Either I don't understand your question, or you are asking for information that I doubt anyone here can provide. If you want to know exactly how the processor works internally, you would need to ask the designers. Programmers work with a programming model of the processor, and since this particular feature is not directly programmable there is no reason to include the details of it in the model. Basically, the programming model provides only the information that the programmer needs, and in this case that is the end result of the address translation. This description is from a recent version of the Intel IA-32 Software Developer's Manual, Volume 3 System Programming Guide, under 16.1.1 Address Translation in Real-Address Mode:

Quote
In real-address mode, the processor does not interpret segment selectors as indexes into a descriptor table; instead, it uses them directly to form linear addresses as the 8086 processor does. It shifts the segment selector left by 4 bits to form a 20-bit base address (see Figure 16-1). The offset into a segment is added to the base address to create a linear address that maps directly to the physical address space.
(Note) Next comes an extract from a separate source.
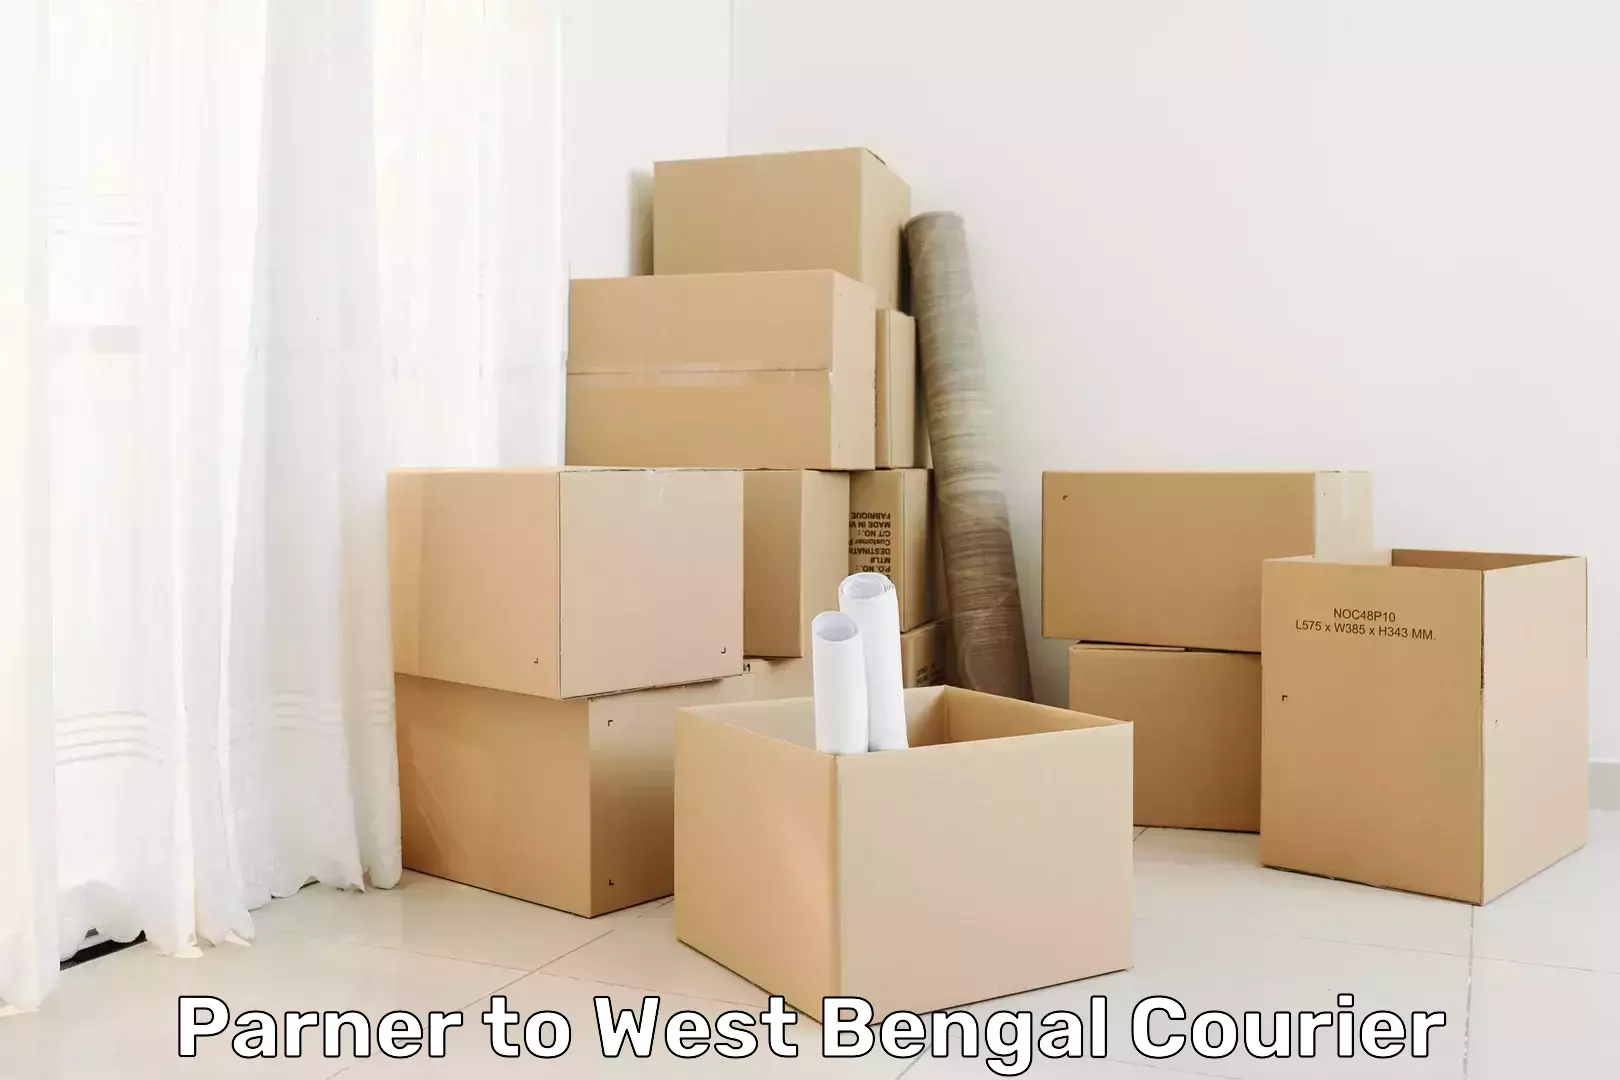 Bulk courier orders Parner to West Bengal

And Figure 16-1 shows the operations as if they were being done in 20-bit registers. So here is a diagram of your segment address of 5 and an offset address of 17, both copied to 20-bit registers and processed from there:

Take your 16-bit segment address:
0000 0000 0000 0101
Copy it to a 20-bit register:
0000 0000 0000 0000 0101
Shift it left by 4 bits:
0000 0000 0000 0101 0000
Take a 16-bit offset address (of 17):
0000 0000 0001 0001
Copy it to a 20-bit register:
0000 0000 0000 0001 0001
And add the two together:
0000 0000 0000 0101 0000
0000 0000 0000 0001 0001
------------------------
0000 0000 0000 0110 0001


And here is a map of what the memory would look like, starting at segment address 0 offset address 0, and extending to segment address 6 offset address 0Fh, with the segment addresses in the leftmost column and all the values in hex, and with the value FFh shored in the addressed byte:

0000 00 00 00 00 00 00 00 00 - 00 00 00 00 00 00 00 00
0001 00 00 00 00 00 00 00 00 - 00 00 00 00 00 00 00 00
0002 00 00 00 00 00 00 00 00 - 00 00 00 00 00 00 00 00
0003 00 00 00 00 00 00 00 00 - 00 00 00 00 00 00 00 00
0004 00 00 00 00 00 00 00 00 - 00 00 00 00 00 00 00 00
0005 00 00 00 00 00 00 00 00 - 00 00 00 00 00 00 00 00
0006 00 FF 00 00 00 00 00 00 - 00 00 00 00 00 00 00 00


finally i got the answer as explained by you MichaelW Sir.... :U

Thanks for cooperating me!!
EnFeR RoI.

C, in this case, stands for a 12.

6Ch = 6 12 = 0110 (6) 1100 (12) = 0110 1100 (binary) = 2^2+ 2^3 + 2^5 + 2^6 = 108 in decimal.

I hope this clarifies a bit. If not, I will try and make it more clear.